> **Stored data**:

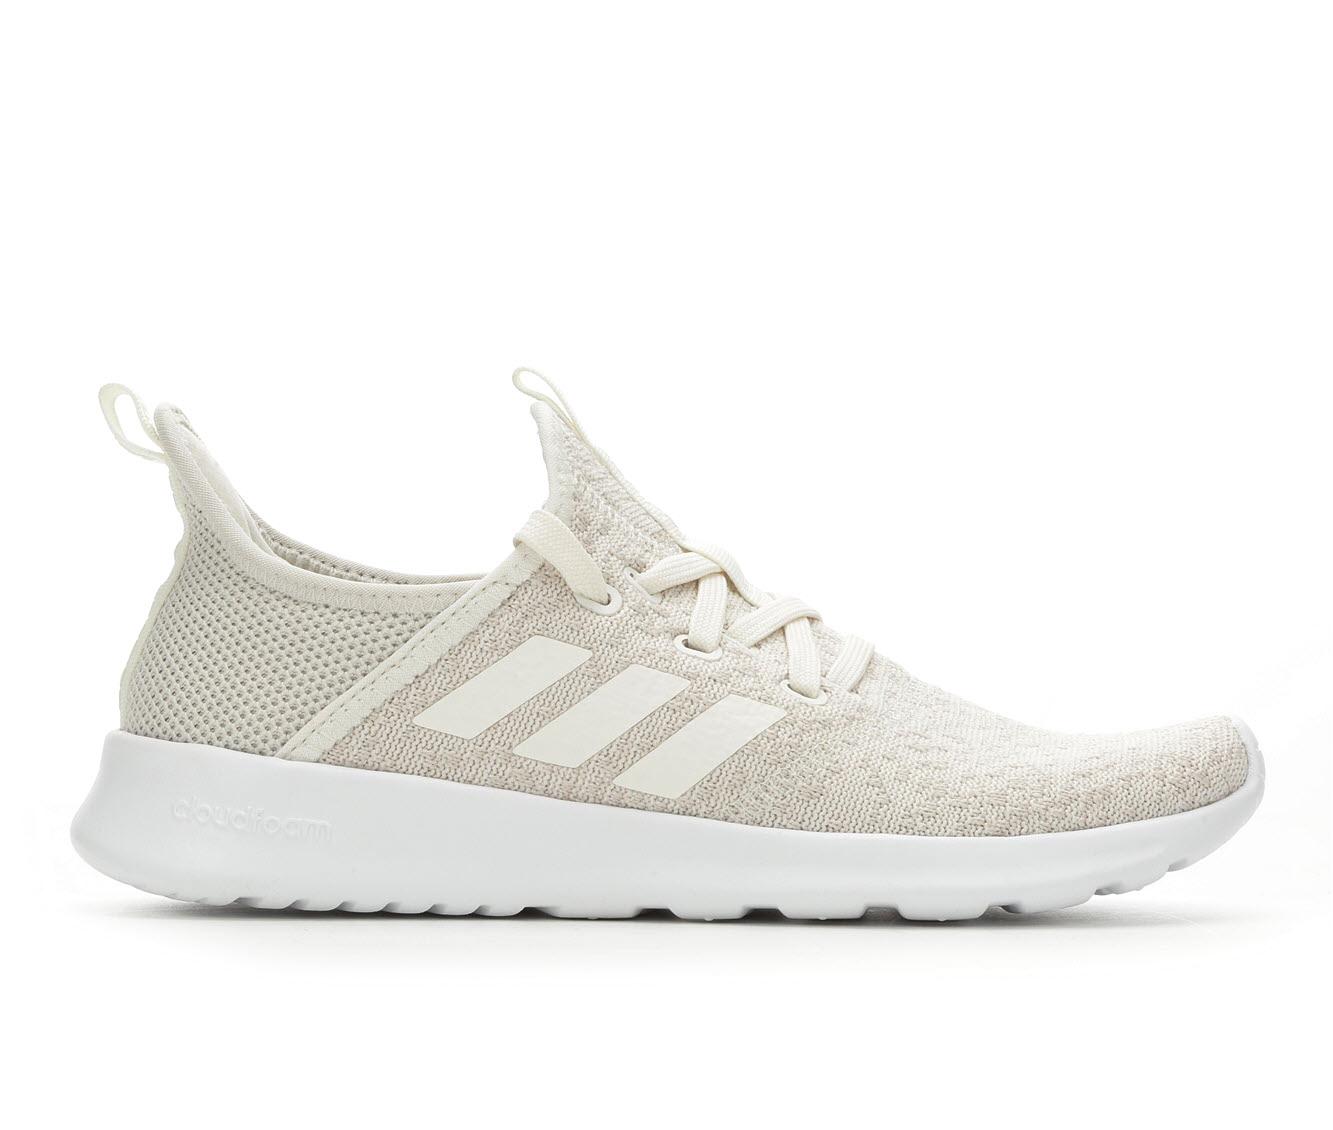 Adidas Pure Women's Athletic Shoe (White)
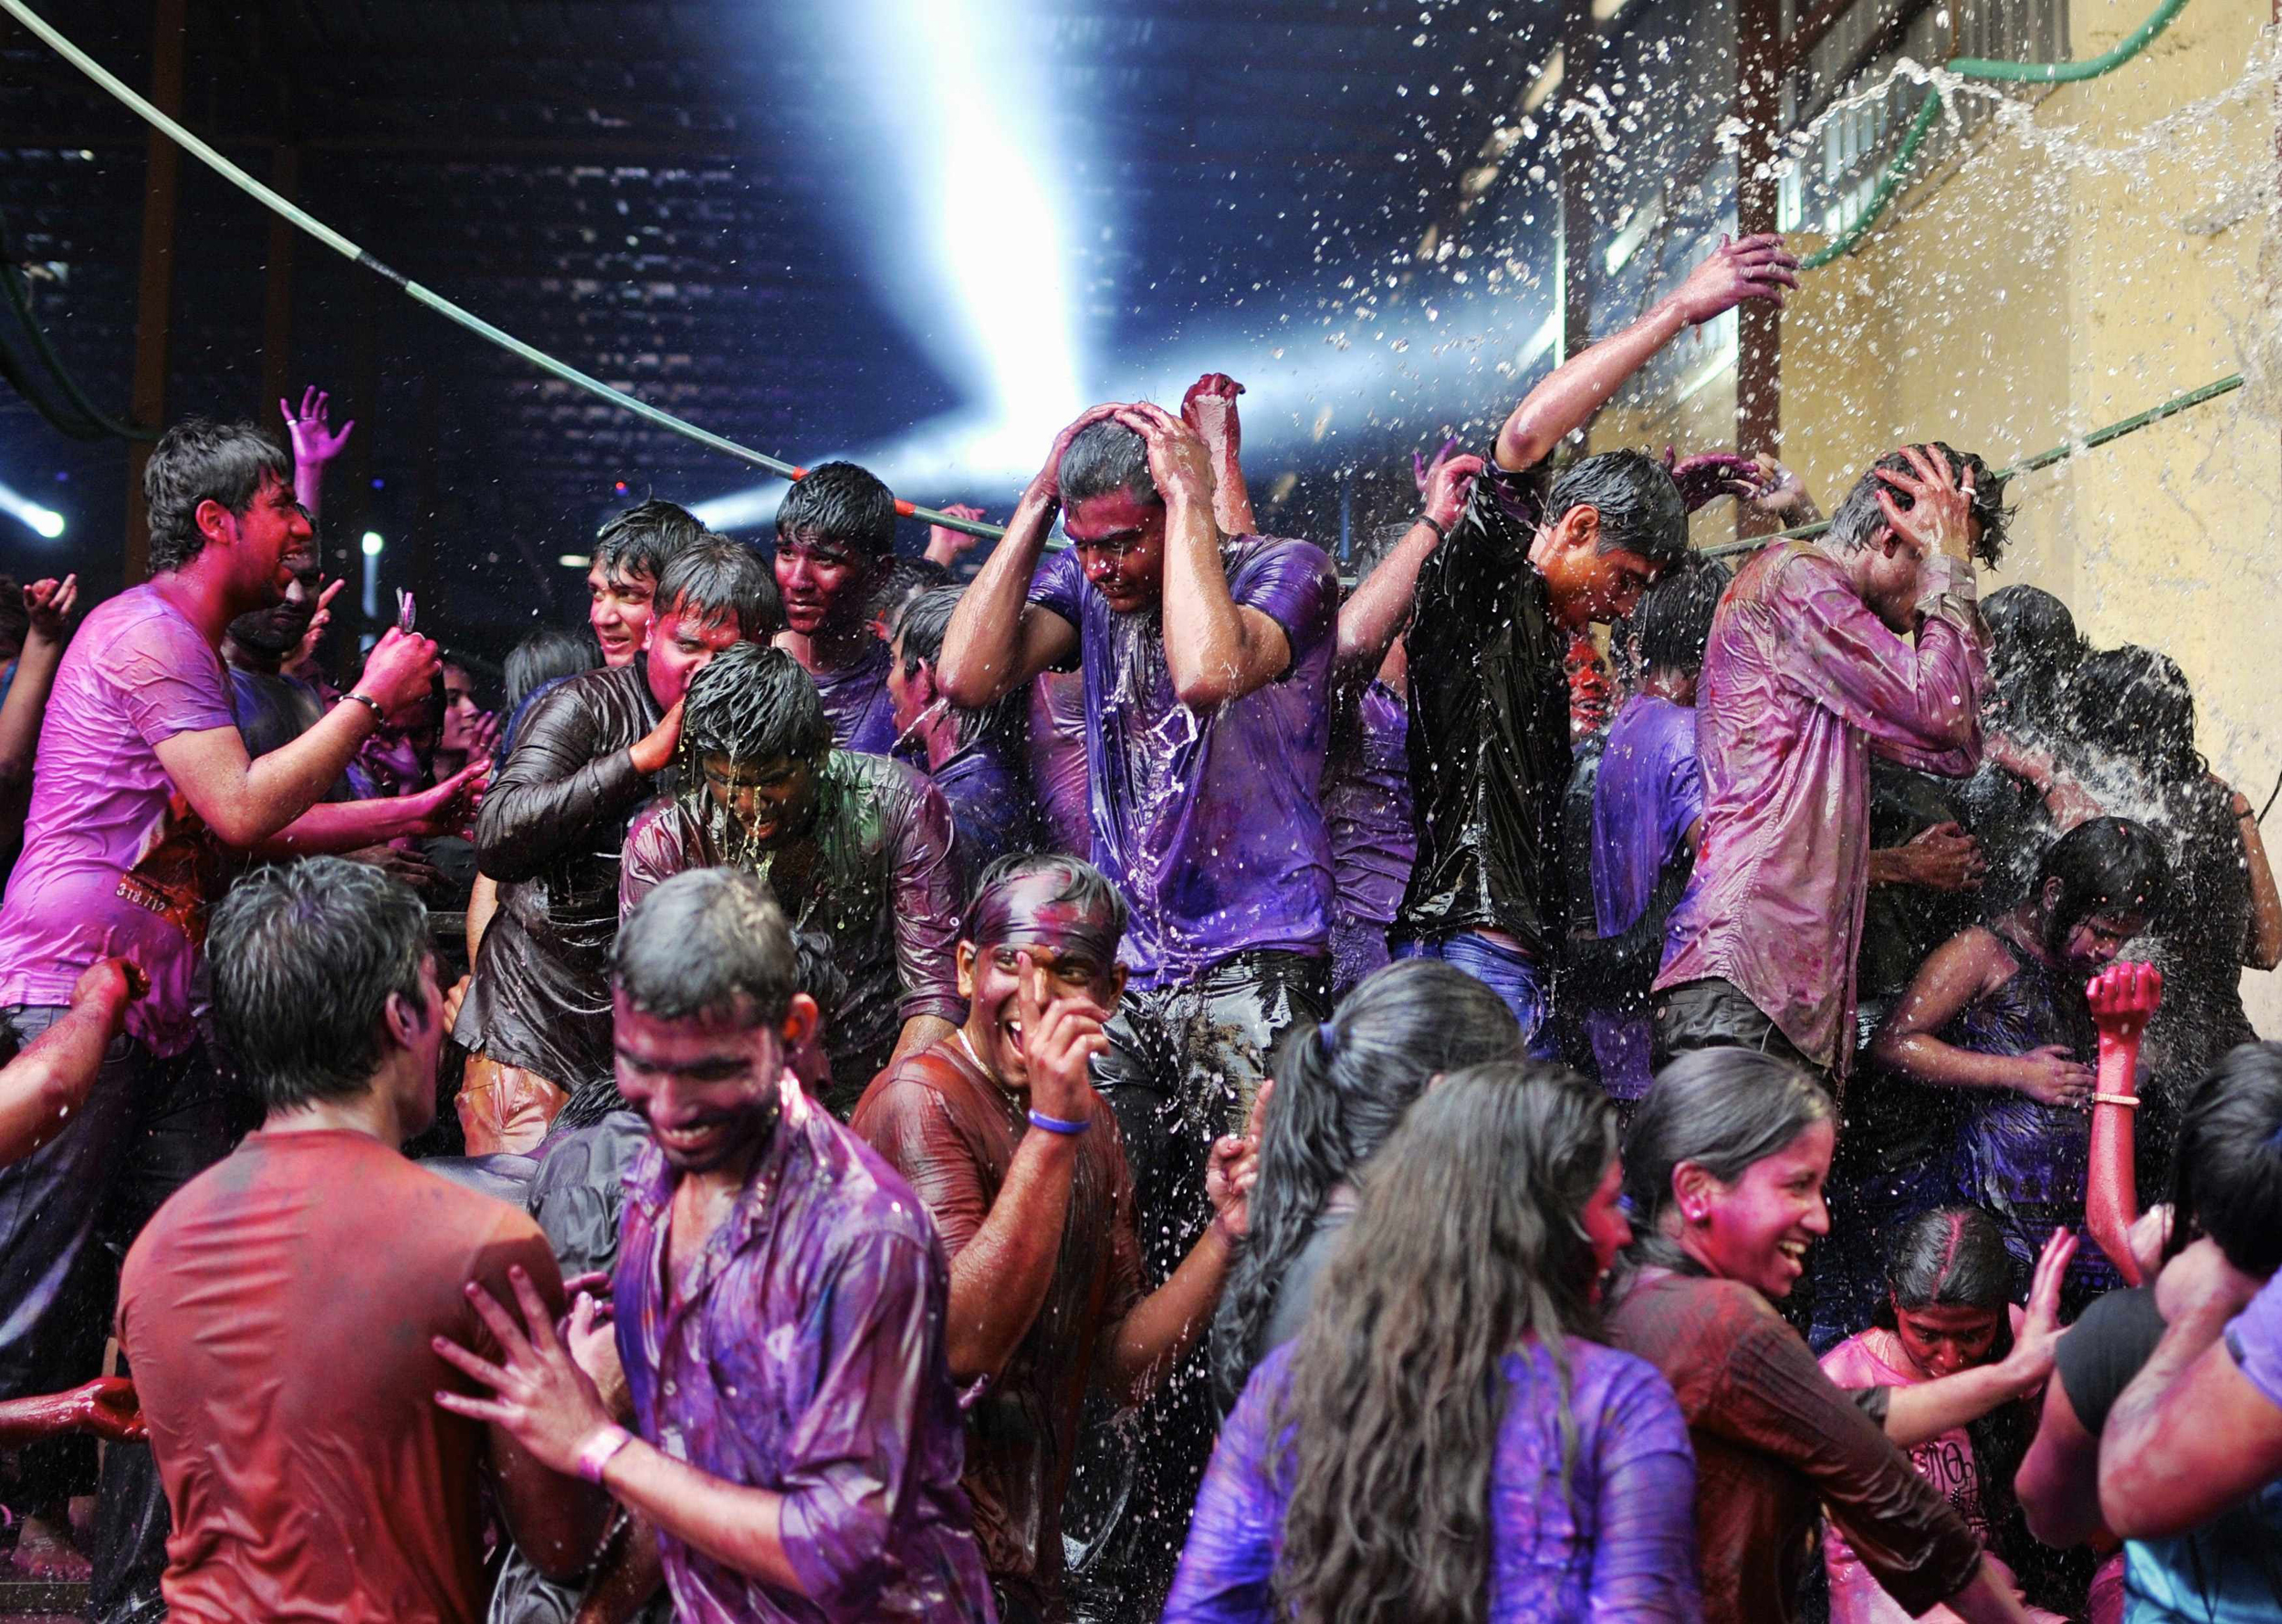 Holi News: Holi Welcomes Spring With Bursts Of Color
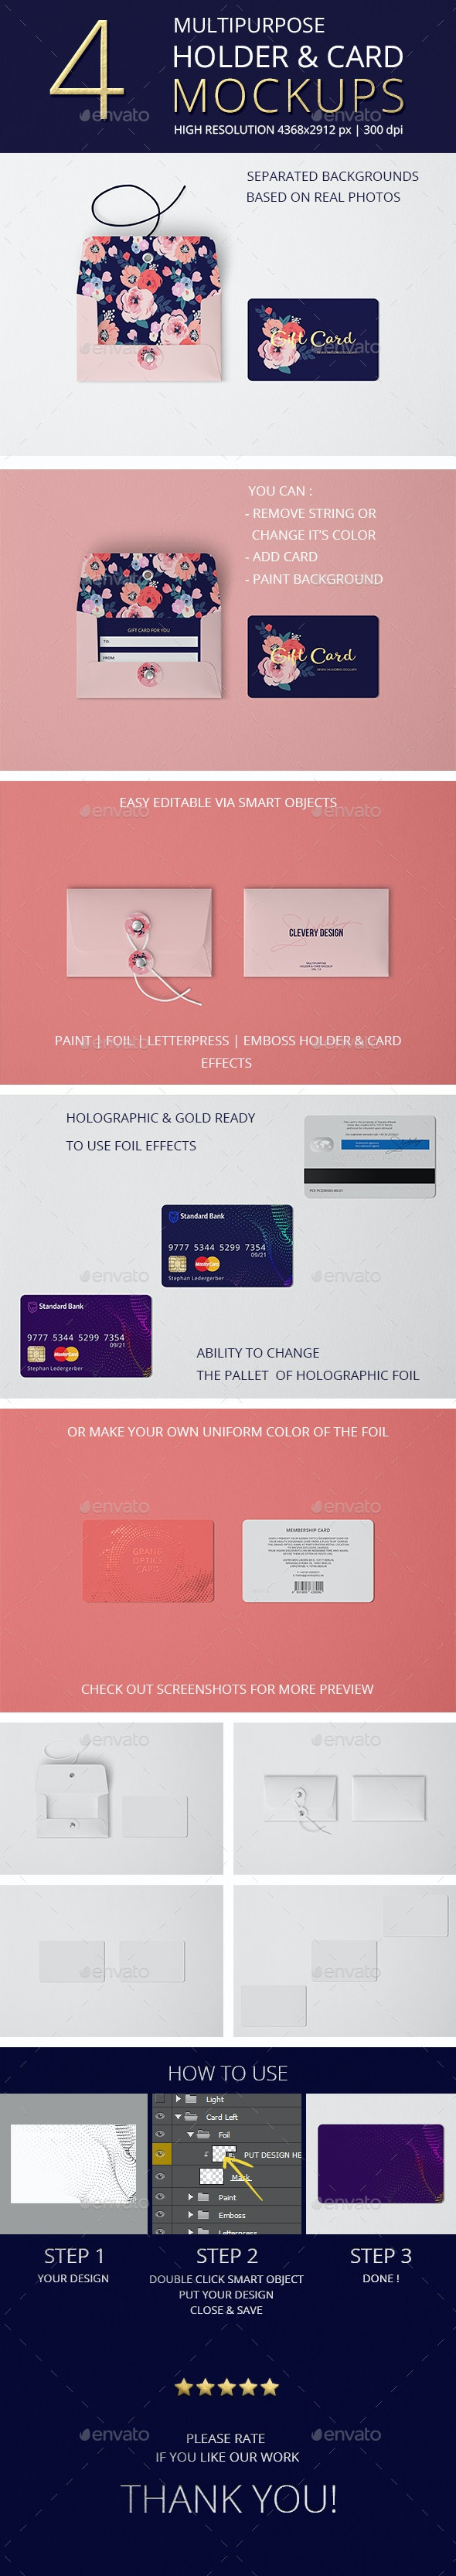 Multipurpose Holder & Card Mockup Vol 7.0 - Miscellaneous Print
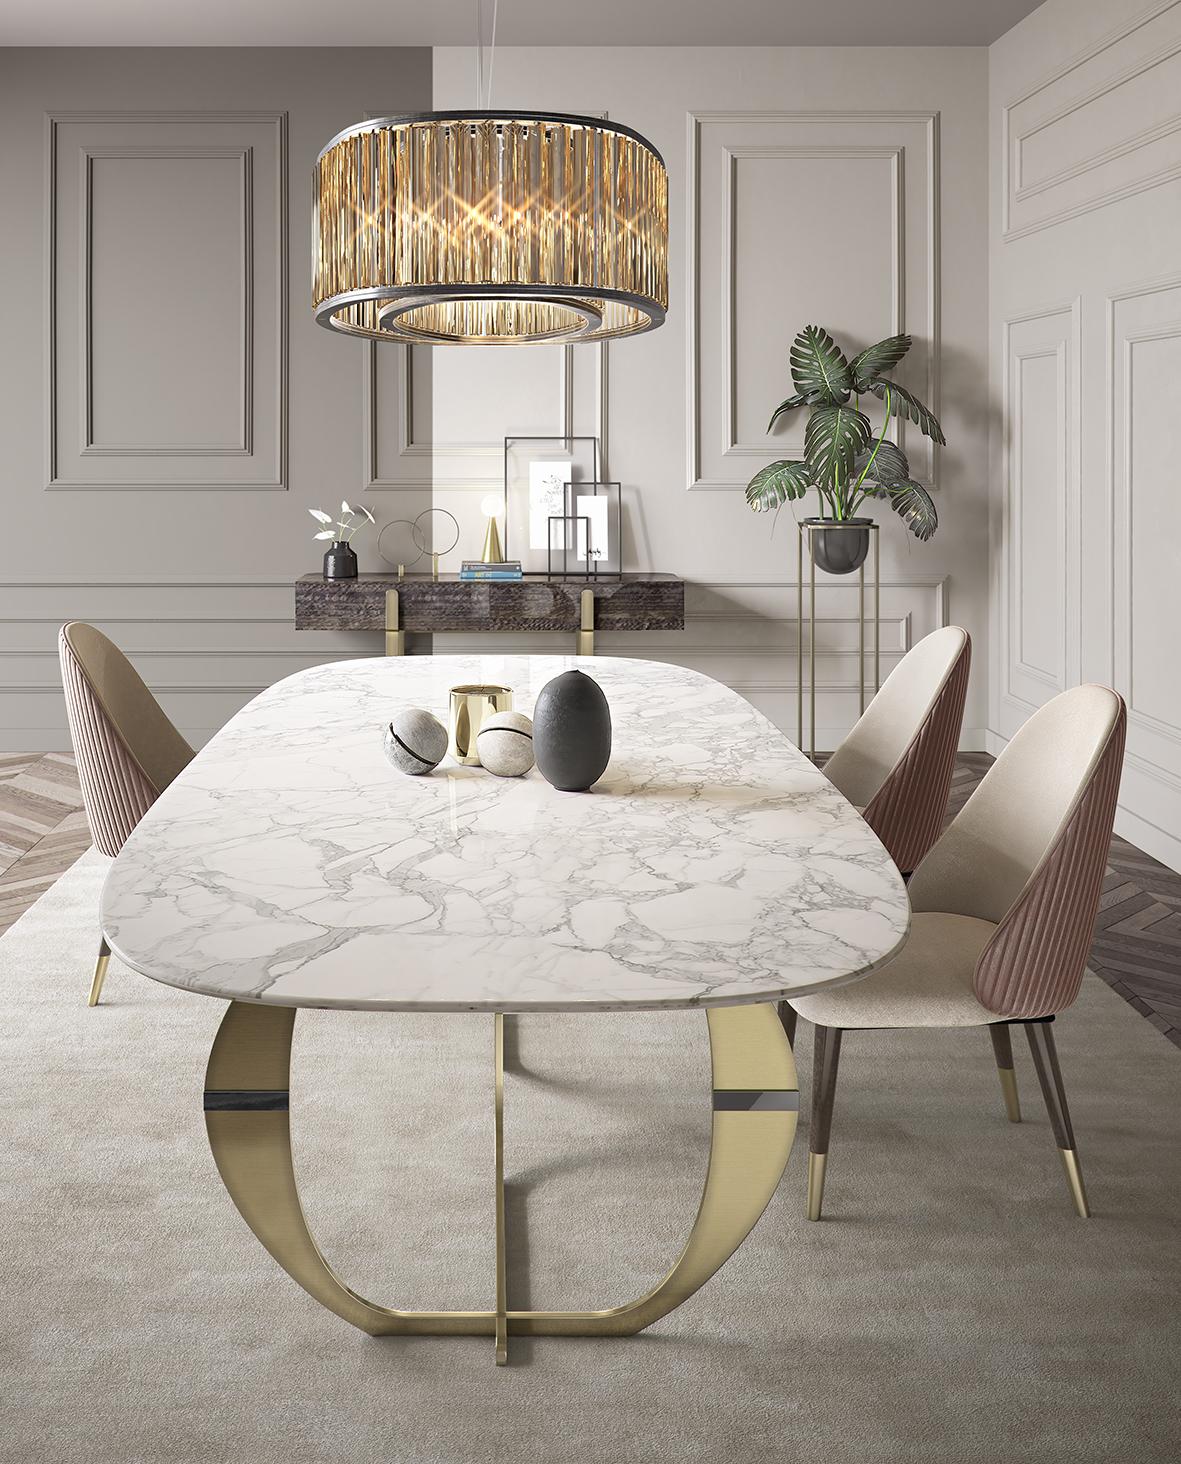 Juliettes Interiors marble dining table in bright luxury interior designer room

> **About this exercise**:
Dropping every picture, restate the material word for word.

> **Solution to the exercise**:
 Adidas Pure Women's Athletic Shoe (White)
 Holi News: Holi Welcomes Spring With Bursts Of Color
 Multipurpose Holder & Card Mockup Vol 7.0 - Miscellaneous Print
 Juliettes Interiors marble dining table in bright luxury interior designer room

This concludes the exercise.